My buddy does very well there with down riggers, dipsies and planer boards depending on what he is targeting and the water temps. He doesn't try for the bass much there. The day I was there was just not a good fishing day, bluebird skies and no wind.


----------



## DougJr. (Dec 1, 2006)

Well I guess this was not a very popular model. No one seems to have one that can answer my question. I still hope some one will be able to solve me problem.
DougJr.


----------



## jlcrss (May 17, 2006)

ESOX said:


> I have been to that resivour, the fishing was ok, the scenery was beautiful. My point is that such arbitrary restrictions needlessly prohibit many, many people who have boats suited for other waters as well from utilizing the resource. Whats next, a restriction on horsepower in cars because too many people spped on the highways?
> Anyhow. When I was there I was visiting a friend who happens to be fortunate enough to own a couple of boats,and one of them was deemed suitable to launch in the res. It worked great for that, and was suitable for a lot of the other small waters and rivers out there. It might be a good multipurpose boat for you too, a 16' Alumacraft Jon boat, 20 hp Merc tiller steer. Good stability, loads of room , good horsepower to speed ratio.

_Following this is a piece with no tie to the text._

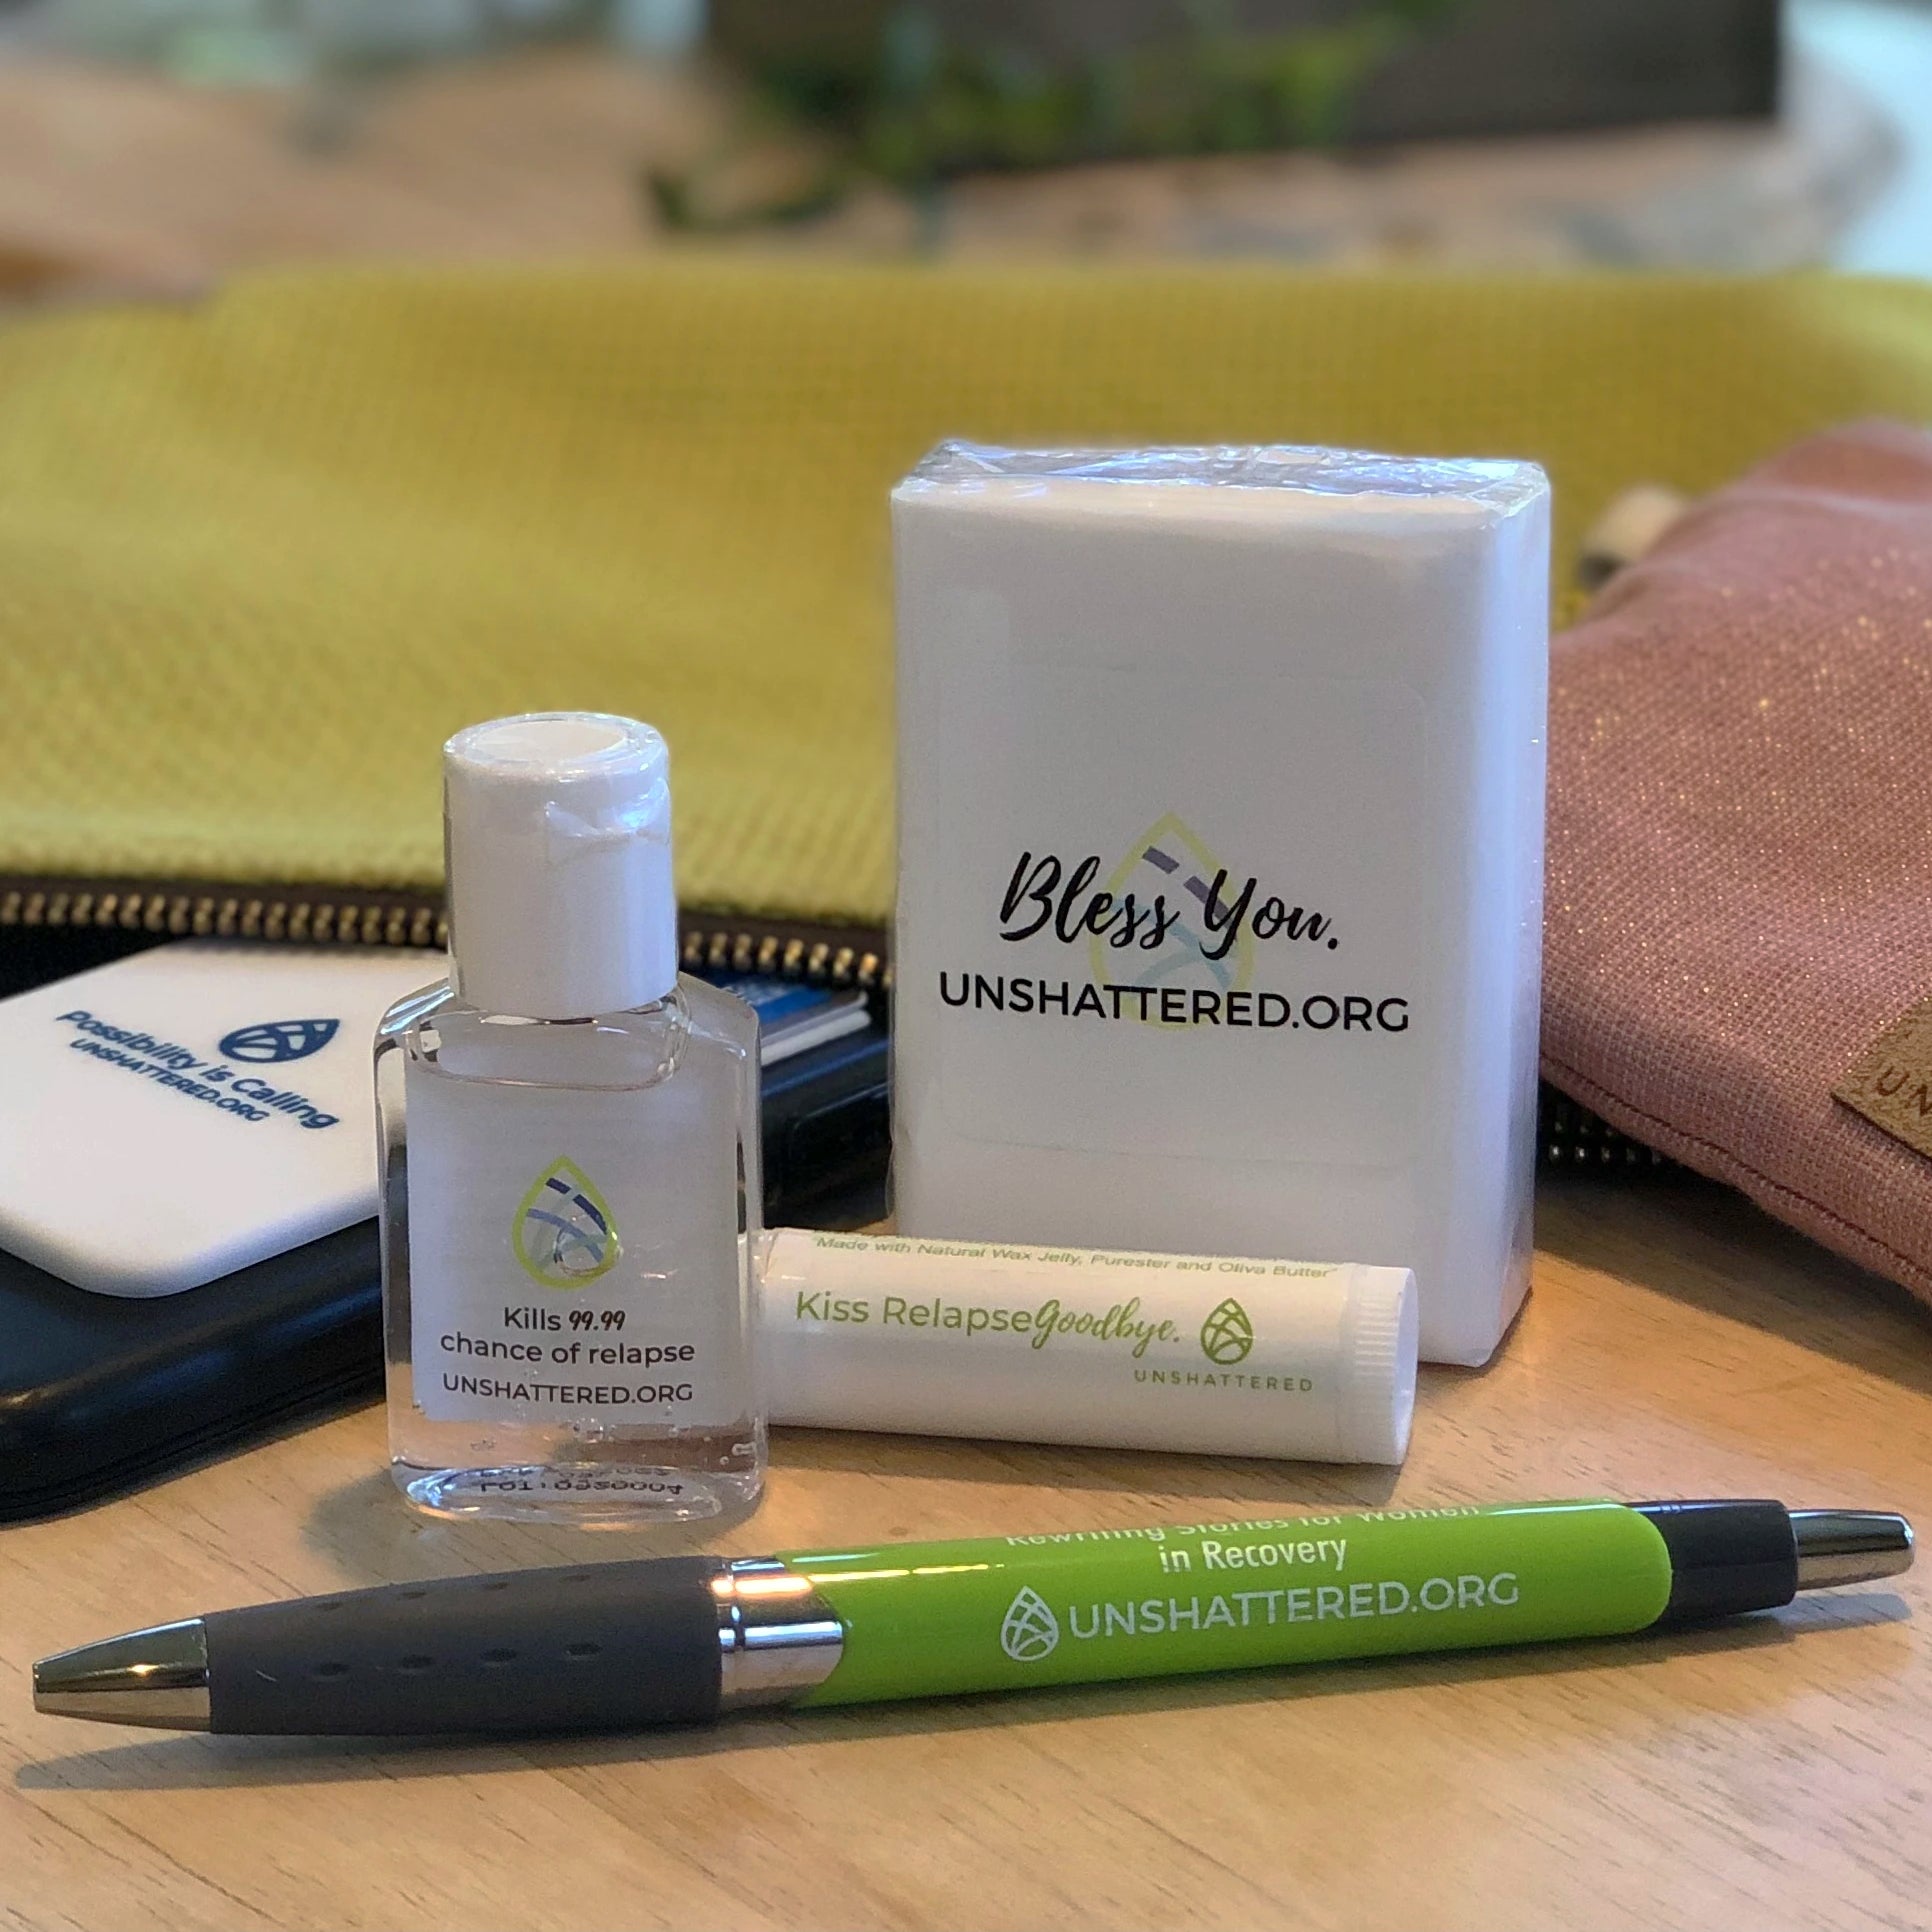 One green pen, one small bottle hand santizer, one tissue pack, one phone with rubber phone case attached to the back sit on a wood table peaking out of a small tan pouch.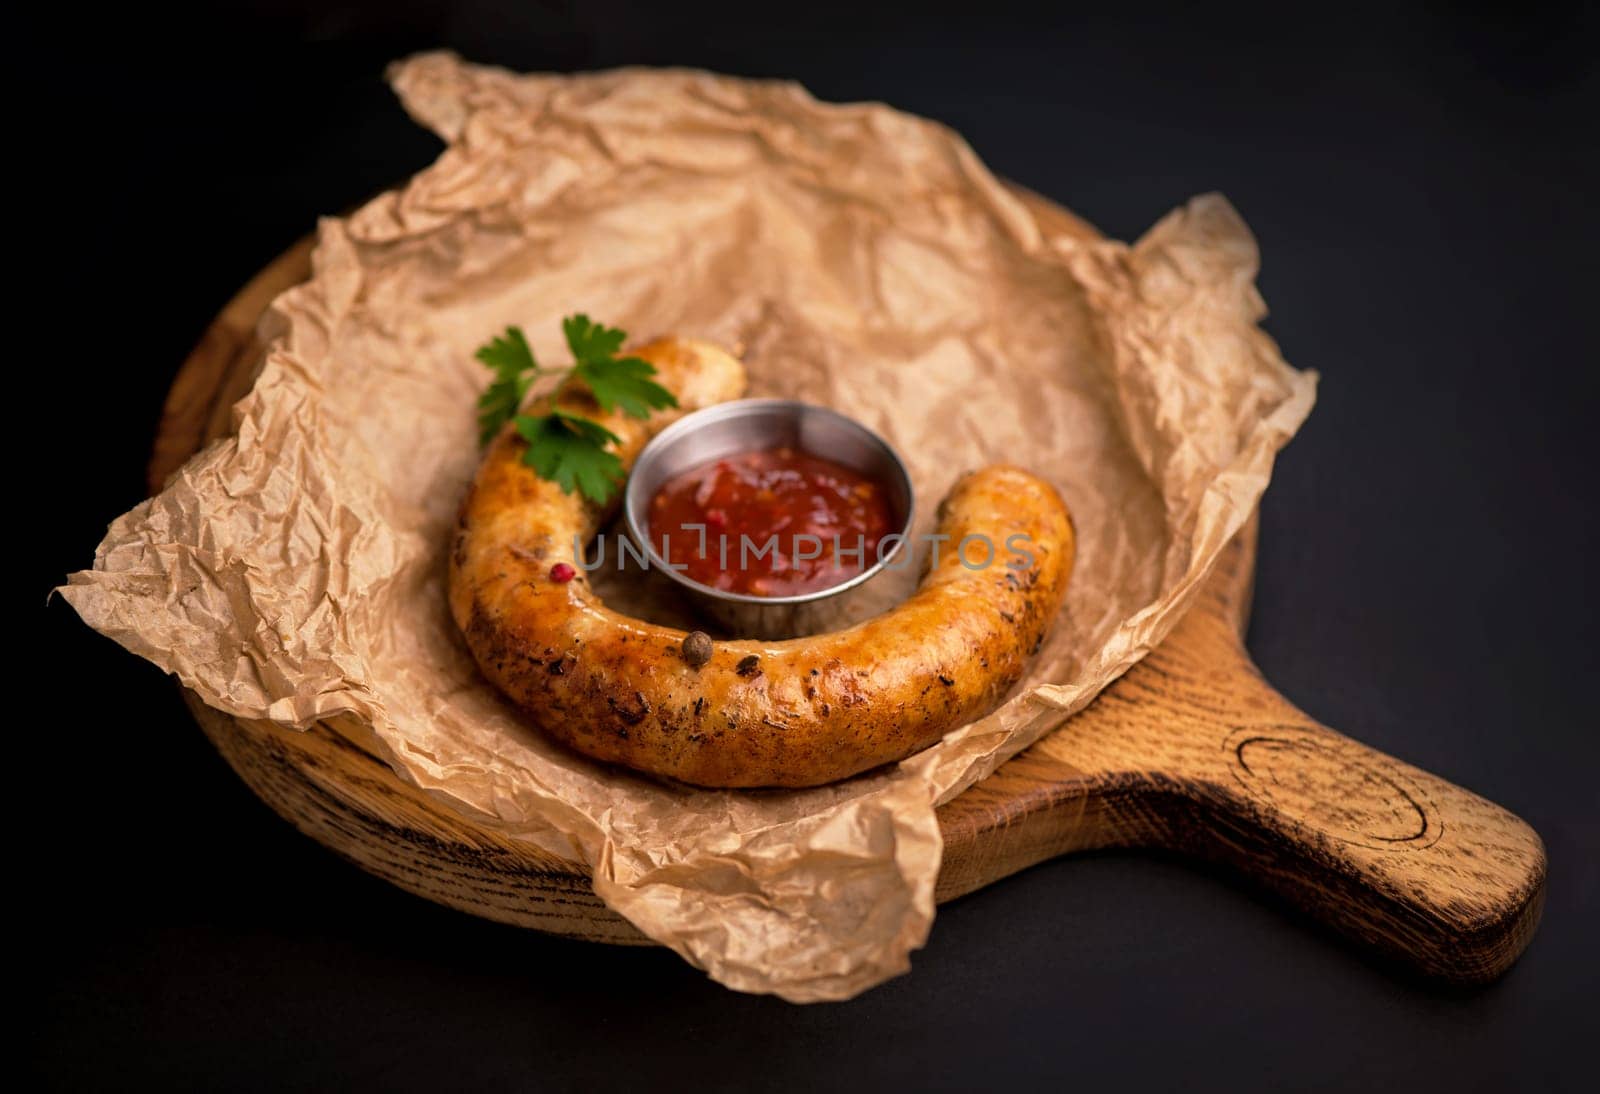 grilled sausages with sauce on a wooden board on a black background

I am going to agree with you on this one. This seems to a be a blanket fix for a specific problem. In my opinion and smaller motor pushing a heavier boat will use just as much fuel and cause just as much pollution as one that is adequately equipped. Sorry for hi jacking your thread and I don't know much about the boat but I couldnt help commenting on this. Wow is that ridiculous.


----------